Shrimp Soup for the Software Soul
by Vinayakam Murugan, Chief Everything Officer
This Thursday, our team stepped out for a well-earned dinner.
One of those evenings where laughter flowed freely, plates piled high with meat were passed around, and I-the lone non-meat crusader-scanned the menu for that solitary green leaf symbol. I found comfort in a warm bowl of vegetable soup and, with a touch of friendly coercion, convinced Ajay to share it with me.
The soups arrived. We did our due diligence and confirmed mine was the non-meat one.
Green tick. Spoon in.
Halfway through, I bit into something that didn’t quite belong. It was too crispy. Too suspicious. I paused, squinted, and poked at it like an amateur archaeologist unearthing a tiny fossil.
And there it was: shrimp.
Sitting smugly in my soup like it had RSVP’d without checking the guest list.

In that moment, I was instantly reminded of an old incident. Same discomfort, different context-this time from the world of software.
A few years ago, we were working on a seemingly harmless cosmetic update to a product page in an e-commerce application. A layout tweak. Nothing backend, nothing functional, just UI touch-up. Low risk.
Or so we believed.
Unfortunately, that tiny tweak came with a hidden sting. The wrong SKU started getting passed during checkout. No errors, no alerts-just silent chaos for a good 3 to 6 hours. Customers received incorrect products before we caught it.

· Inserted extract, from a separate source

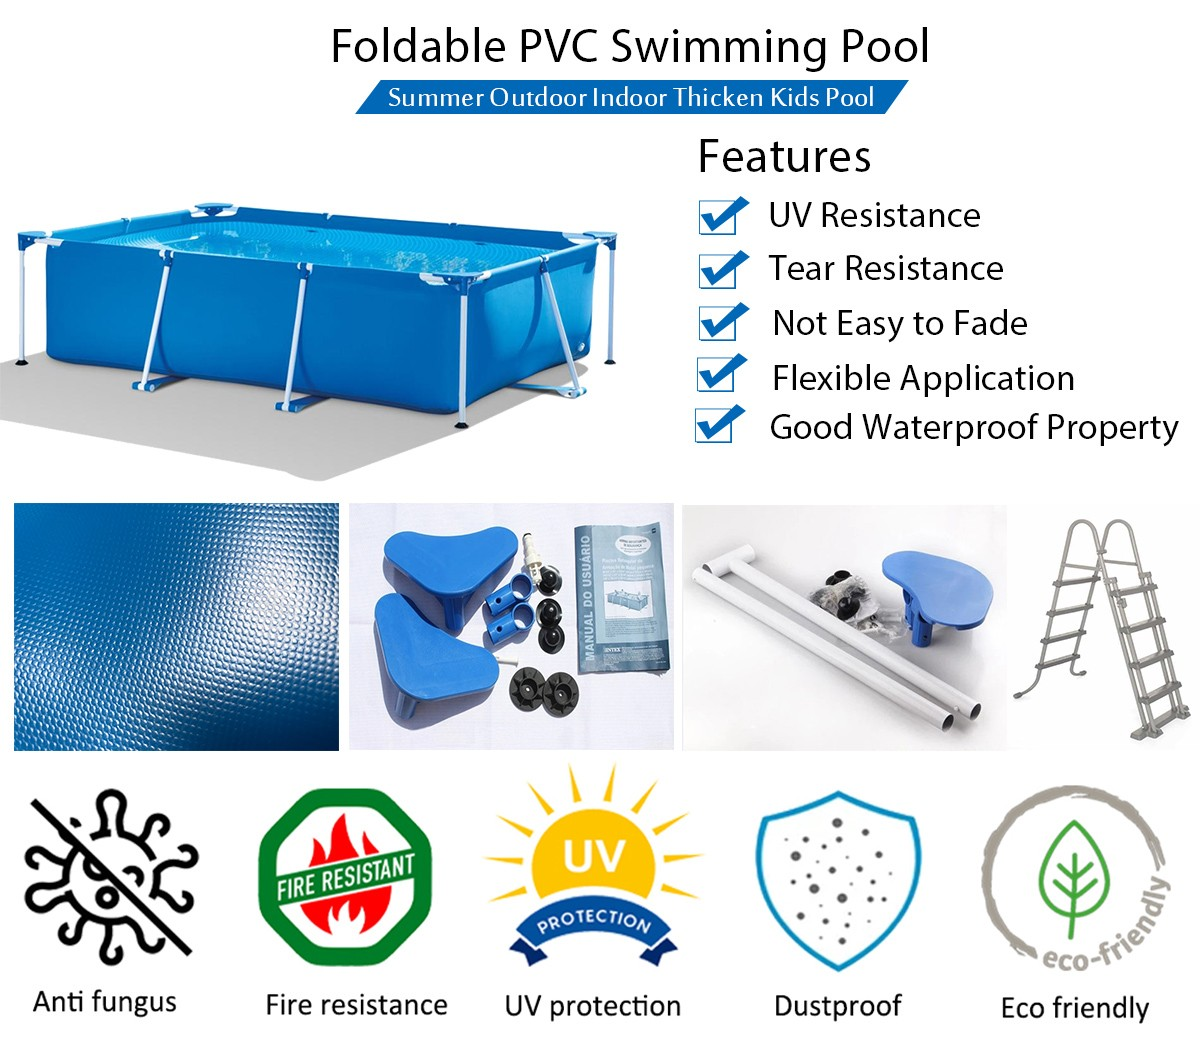 Foldable PVC swimming pool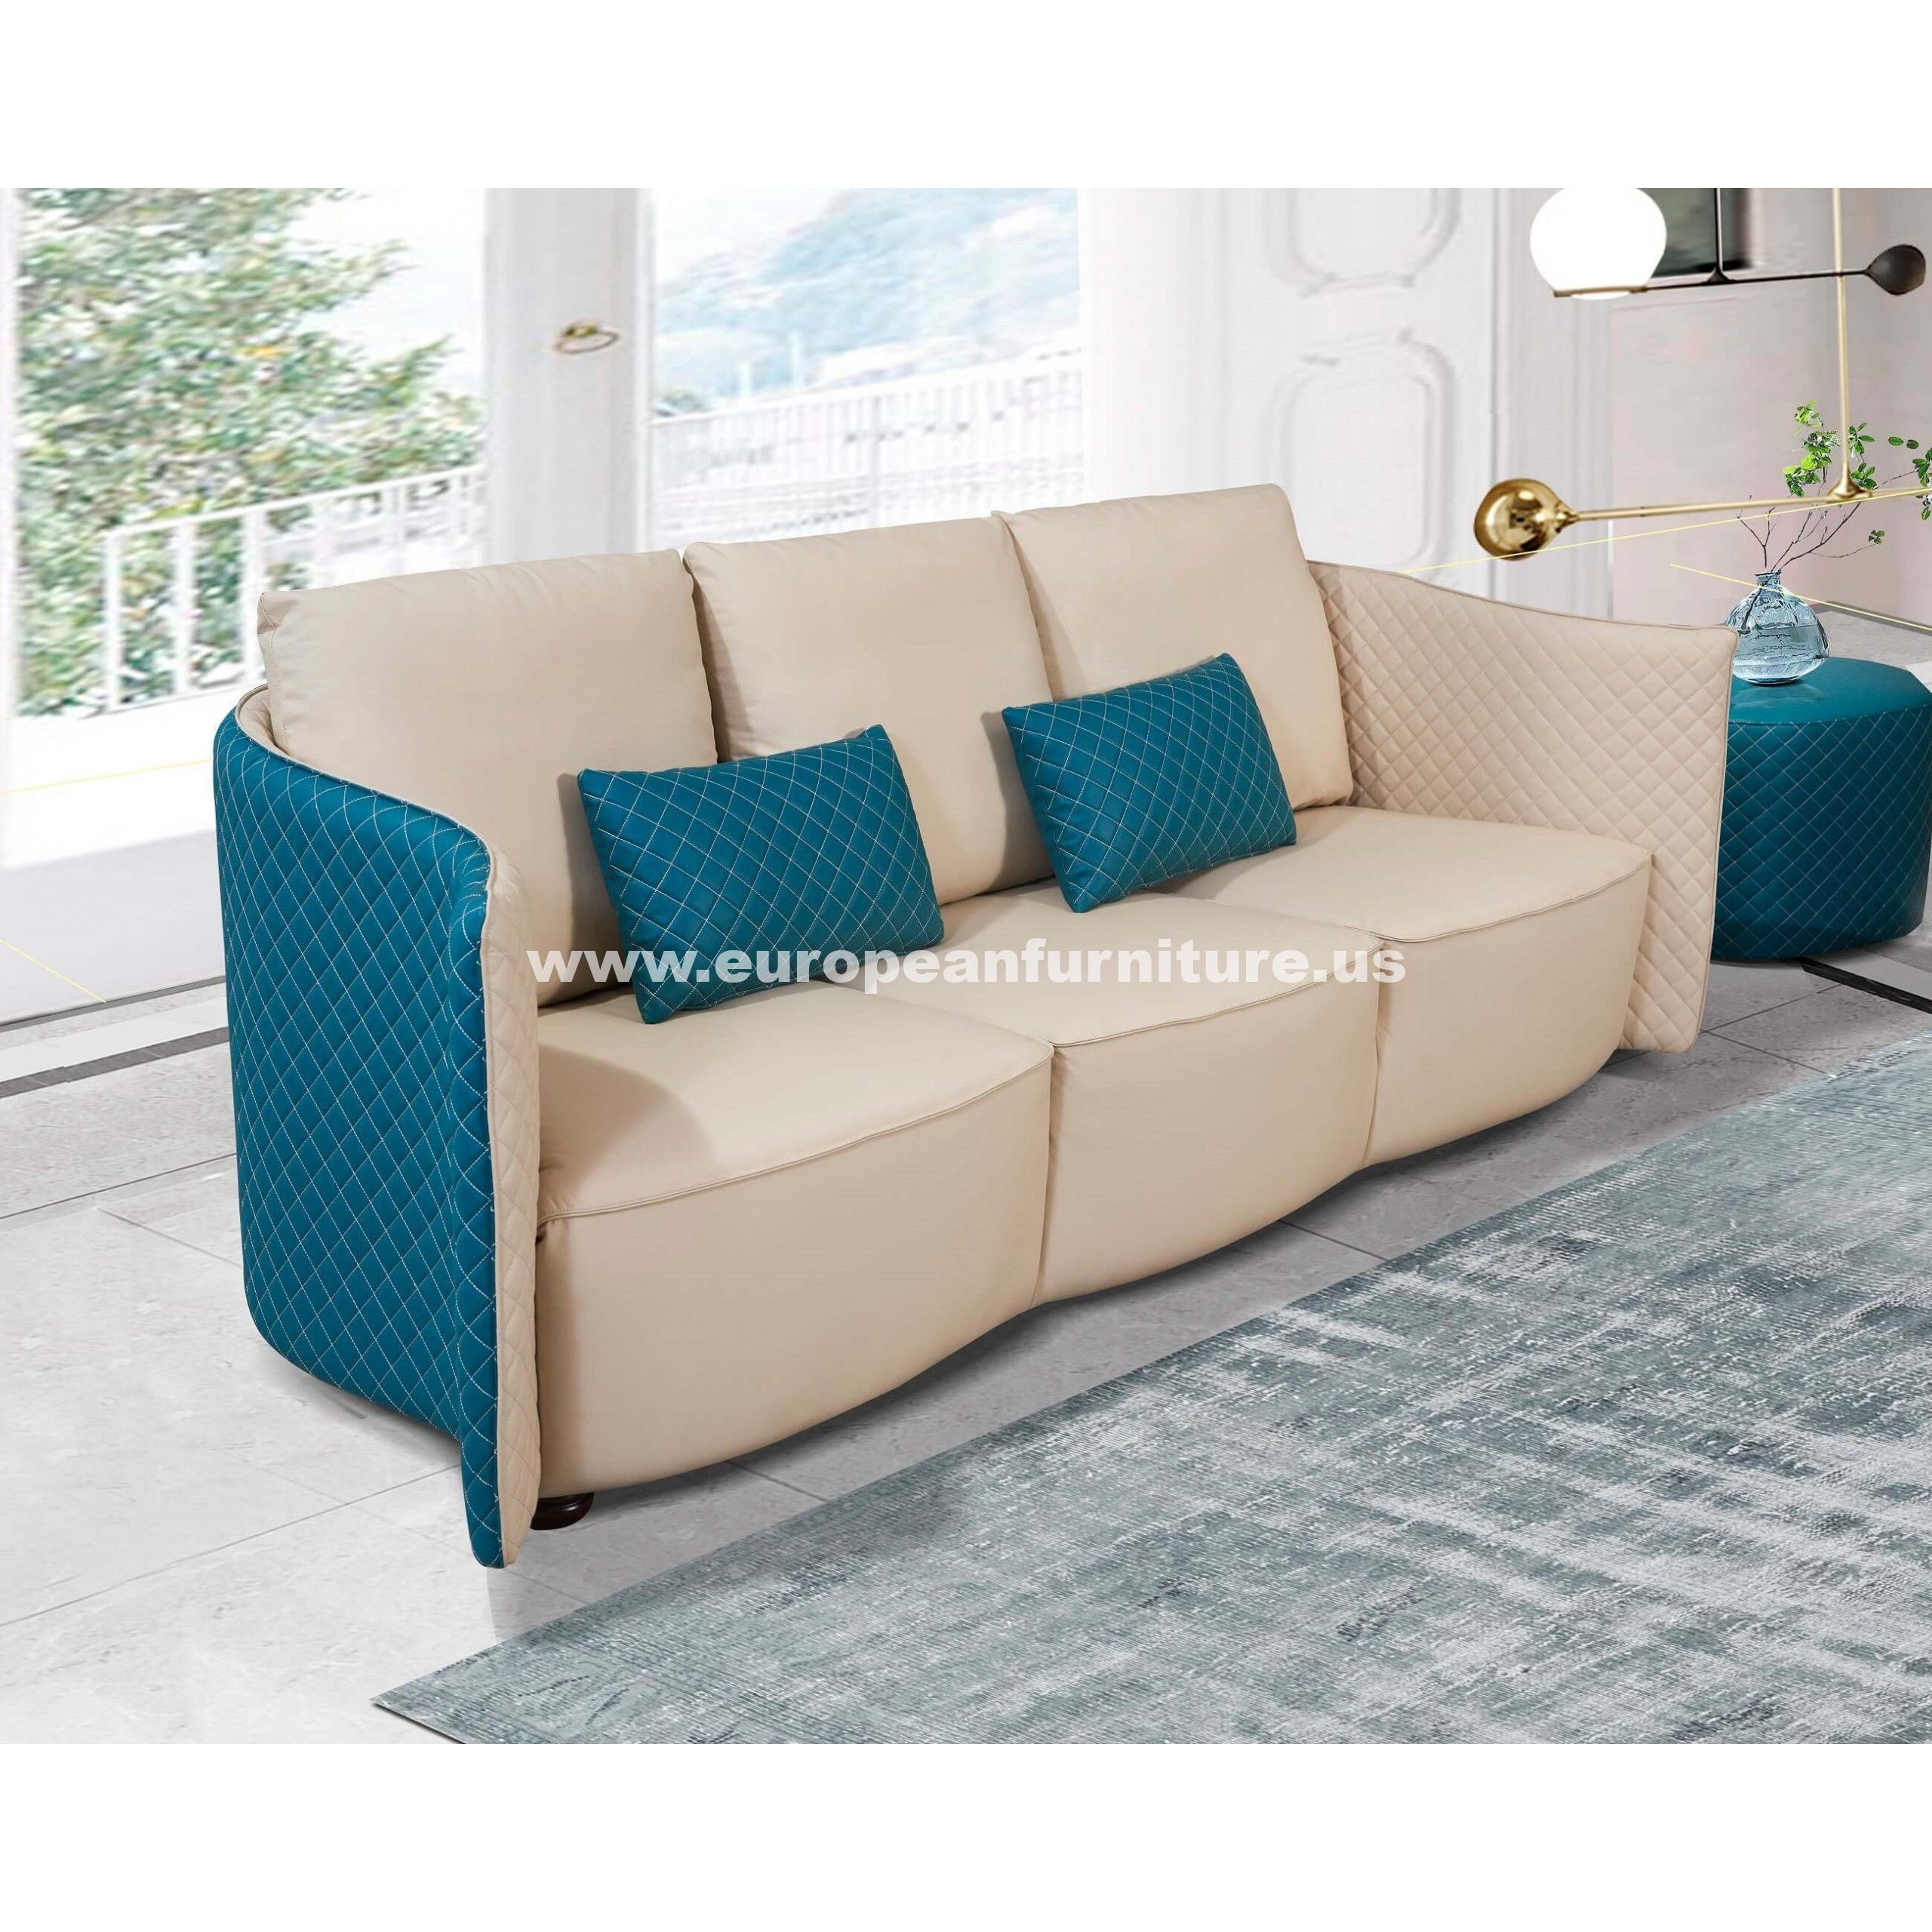 European Furniture - Makassar Sofa Beige & Blue Italian Leather - EF-52554-S - New Star Living

The client? Calm, focused, professional. Instead of finger-pointing, they zeroed in on: What’s broken? How do we fix it? What checks can we add?
From our end, we dove into late-night recovery mode-retrieved impacted order data, corrected records, and pushed the fix.
We had a review afterward, walked through the gaps, and implemented changes to prevent cosmetic tweaks from skipping functional validations again. A bug, a process flaw, and a lesson well-learned.
Back to the soup. I gently pushed the shrimp aside. The restaurant staff apologized sincerely, didn’t charge for it, and promised to be more cautious.
No drama. Just resolution. Ajay, meanwhile, performed an exaggerated water cleanse worthy of an Oscar-an especially funny sight given how much he loves fish ;)
Mistakes happen. In kitchens. In code. Even in well-intentioned conversations.
But what matters most is how we respond, how we recover, and-crucially-what processes we put in place to ensure it doesn’t happen again.
Sometimes, all it takes is a calm head, a little empathy, and the good sense to focus on what needs to be done next.
Even if dinner ends with just breadsticks and stories.